Study of ancient climate can help predict future patterns

Hurricanes Katrina and Rita have initiated discussion among climate forecasters concerning the link between global warming and a surge in the intensity of storms. Based on information from his study of ancient global climate changes, one University of Missouri-Columbia researcher said that it may be reasonable to expect stronger storms in the future.

Ken MacLeodKen MacLeod, associate professor of Geological Sciences, and his team studied rocks in the North Atlantic and discovered while the earth was cooling elsewhere 70 million years ago, the North Atlantic was getting warmer. MacLeod said the scale of this ancient climate change is comparable to predictions for the next 50 years, but the coming decades should see average warming instead of cooling.

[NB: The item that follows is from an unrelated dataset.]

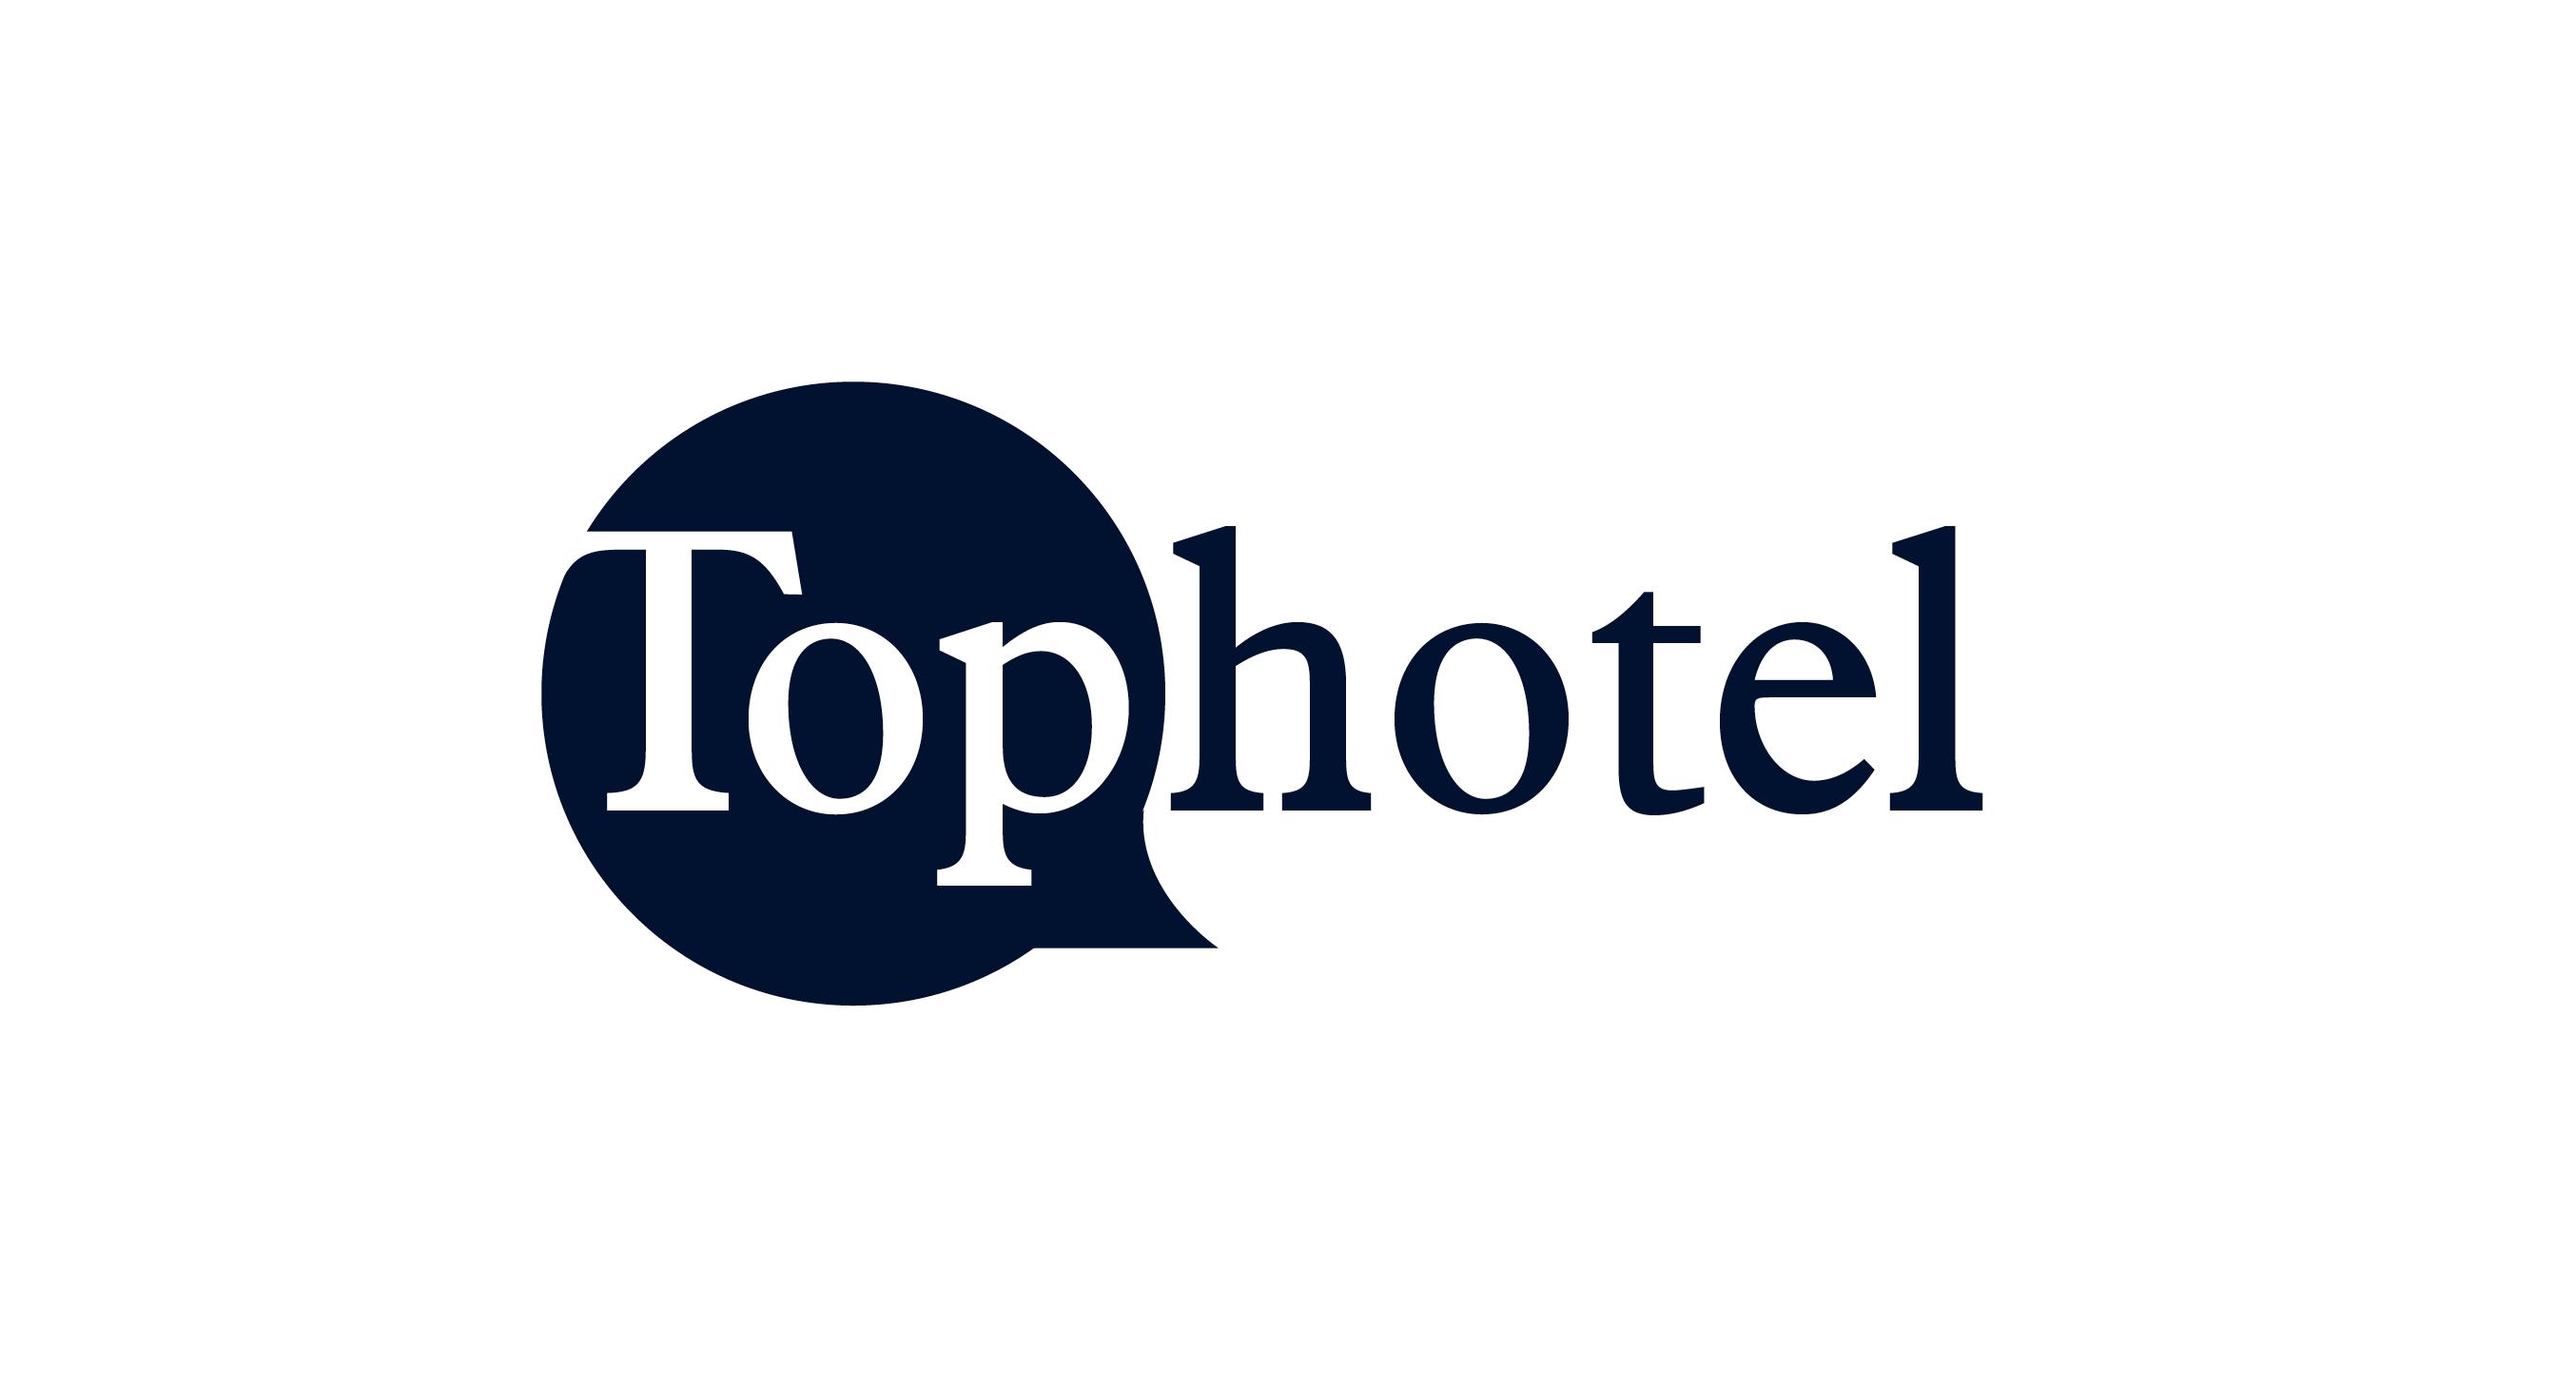 Tophotel logo

In addition to calls for higher temperatures, predictions include a rising sea level and a greater size and frequency of storms.

"The changes to the atmosphere caused by humans over the past 150 years are as large as the changes that occurred naturally over the past 35 million years," MacLeod said. "You have to look back that far to find carbon dioxide levels at what we expect them to be in the next 50 years. It is reasonable to expect there will be more intense storms and an extended hurricane season."

These findings mean that in order to obtain the average global warming that is predicted, regional variances will make some places cooler and others warmer than expected. Those especially warm areas will suffer extreme changes that could be disastrous. MacLeod said until the global cooling that began about 70 million years ago, the earth had been extremely warm for 25 million years.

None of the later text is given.